Potency Assessment of Dendritic Cell Anticancer Vaccine: Validation of the Co-Flow DC Assay
and Massimiliano Petrini 1,*Round 1
Reviewer 1 Report
The manuscript by Carloni et al. describes the validation of a novel co-flow potency assessment assay for dendritic cells (DC) for DC-based cellular therapies. The manuscript contains a set of novel interesting valuable data, is well written and easy to follow. I have only couple minor suggestions:
- I think it would be nice to summarize at one place the benefits and limitations of a novel method in comparison to existed ones. This summary could be supplied with a table or visualized graphically.
- In my opinion the title could be simplified.
Author Response
Response to Reviewer 1 Comments
Point 1: I think it would be nice to summarize at one place the benefits and limitations of a novel method in comparison to existed ones. This summary could be supplied with a table or visualized graphically.
Response 1: We are grateful to the referee for this useful comment. On the basis of the referee’s remark, we summarized the limitations of our assay in the Discussion. We didn't add the table in this section because we believe that it wouldn't have added any information to the text.
Point 2: In my opinion the title could be simplified.
Response 2: We agree with the referee’s comment, so we modified the title.
Reviewer 2 Report
Silvia Carloni et al. present in their manuscript a novel method how to reliably evaluate the potency of a dendritic cell vaccine against cancer. The concept of the vaccine is that extracted dendritic cells induce after extracorporeal activation with tumour antigens T-lymphocytes to eliminate tumour cells from the organism.
They propose to measure the activity of the modified dendritic cells by measuring the proliferation of CD4+ - T-lymphocytes. The T-lymphocyte population is measured after fluorescence labelling using flow-cytometry. This is a modified assay, introduced by Shankar et al. using radioactive T-cell labelling.
The authors show in a convincing way that their measurement method is specific and selective. T-cells grow proportionally to the number of dendritic cells. The measurement method is robust in relation to varying the culture time and antibody concentration and it is reproducible with a small standard variation.

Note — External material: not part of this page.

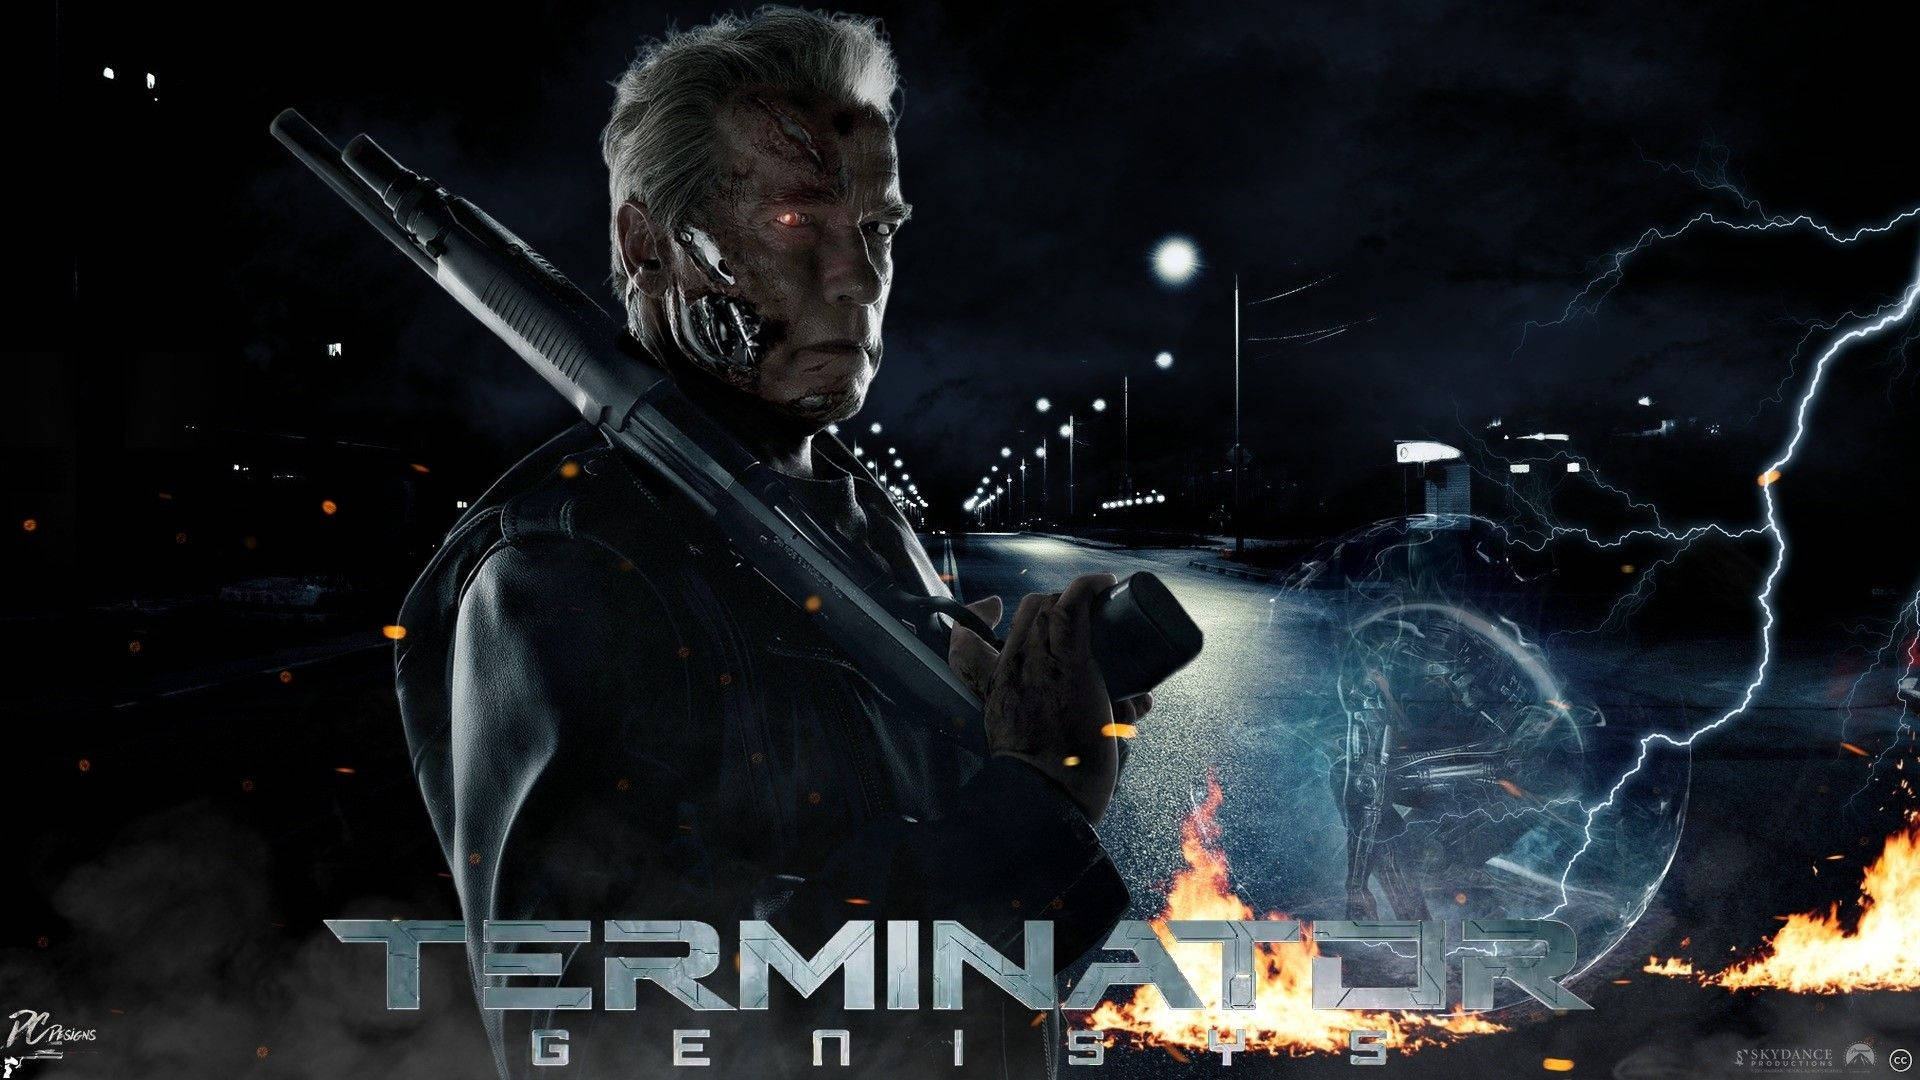 Terminator Genisys Poster Background

The only evaluation method I don't agree with is the accuracy evaluation. A test for accuracy is a test that the measurement method measures what it is pretending to measure. For this an alternative approach to determine the factor to be measured is required. If this other method is not available (as stated by the authors) a relative accuracy can still be obtained.
Such a relative accuracy measurement compares the relative obtained measurement value with the known relative concentration. That means - you obtain the measurement for one sample. Then you half the concentration of the measured agent by diluting it by a factor of 2 keeping all other parameters the same (here: keeping the total number of cells / millilitre constant). Your measurement value should be half of what it was before - and so on. Like this you determine whether the measurement behaves linearly with the concentration of T-cells, whether their is an offset (the curve does not go through the null-point) and what the measurement range is before the method saturates.

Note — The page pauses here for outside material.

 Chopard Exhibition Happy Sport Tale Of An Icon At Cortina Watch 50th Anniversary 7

The accuracy measurement proposed by the authors invests that there is a linear response of the number of T-cells and the number of dendritic cells after proliferation. This is an assumption which should not be part of the accuracy determination of a measurement method.

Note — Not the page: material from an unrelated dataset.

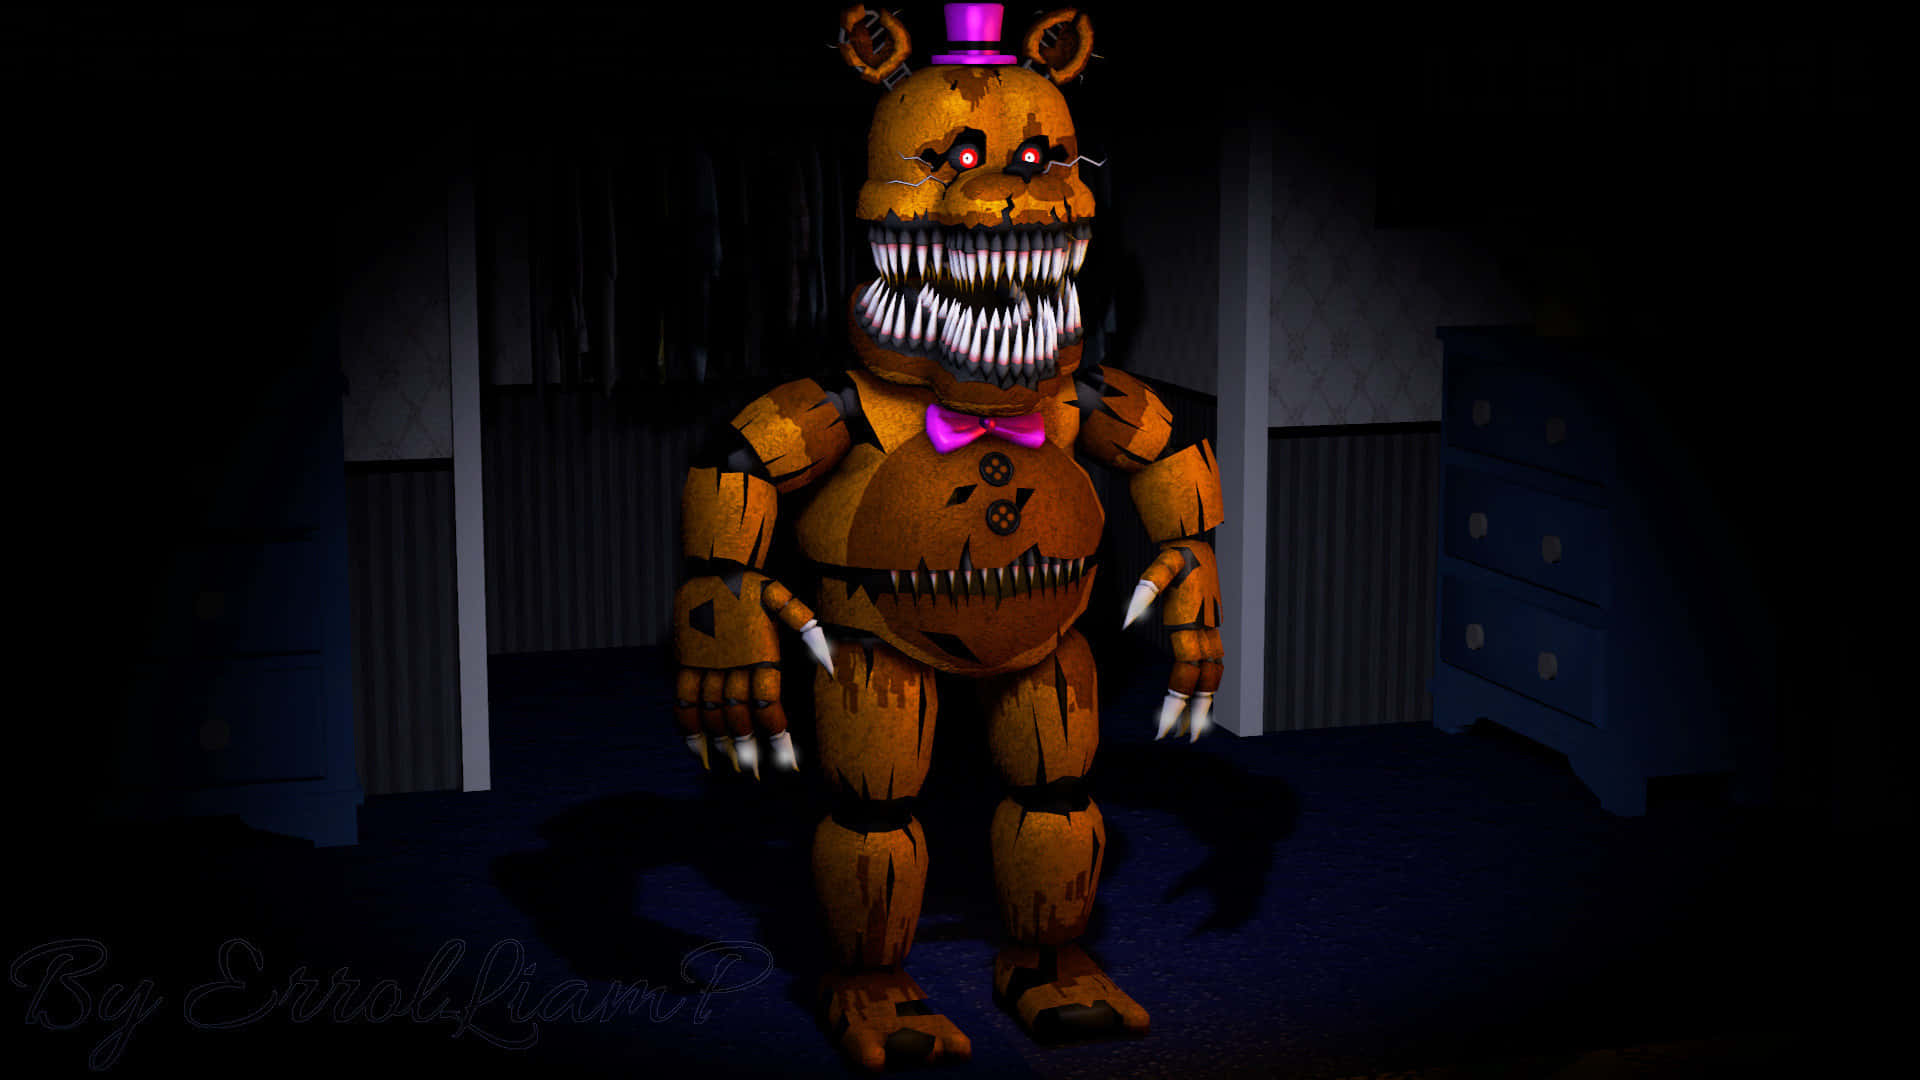 Chilling Display of Fnaf Characters in Action

If I misunderstood their method and the authors did precisely what I propose then they should reformulate this section and eliminate the word "proliferation". This word leads me (and possibly others) to the understanding that they actually let the cells proliferate before they take the measurements.
Author Response
Response to Reviewer 2 Comments
Point 1: The only evaluation method I don't agree with is the accuracy evaluation. A test for accuracy is a test that the measurement method measures what it is pretending to measure. For this an alternative approach to determine the factor to be measured is required. If this other method is not available (as stated by the authors) a relative accuracy can still be obtained. Such a relative accuracy measurement compares the relative obtained measurement value with the known relative concentration. That means - you obtain the measurement for one sample. Then you half the concentration of the measured agent by diluting it by a factor of 2 keeping all other parameters the same (here: keeping the total number of cells / millilitre constant). Your measurement value should be half of what it was before - and so on. Like this you determine whether the measurement behaves linearly with the concentration of T-cells, whether their is an offset (the curve does not go through the null-point) and what the measurement range is before the method saturates. The accuracy measurement proposed by the authors invests that there is a linear response of the number of T-cells and the number of dendritic cells after proliferation. This is an assumption which should not be part of the accuracy determination of a measurement method.
If I misunderstood their method and the authors did precisely what I propose then they should reformulate this section and eliminate the word "proliferation". This word leads me (and possibly others) to the understanding that they actually let the cells proliferate before they take the measurements.
Response 1: We are grateful to the referee for this comment and we regret not having been sufficiently clear in our explanation. In order to avoid future misunderstandings, we deleted the word "proliferation" from the section "Accuracy".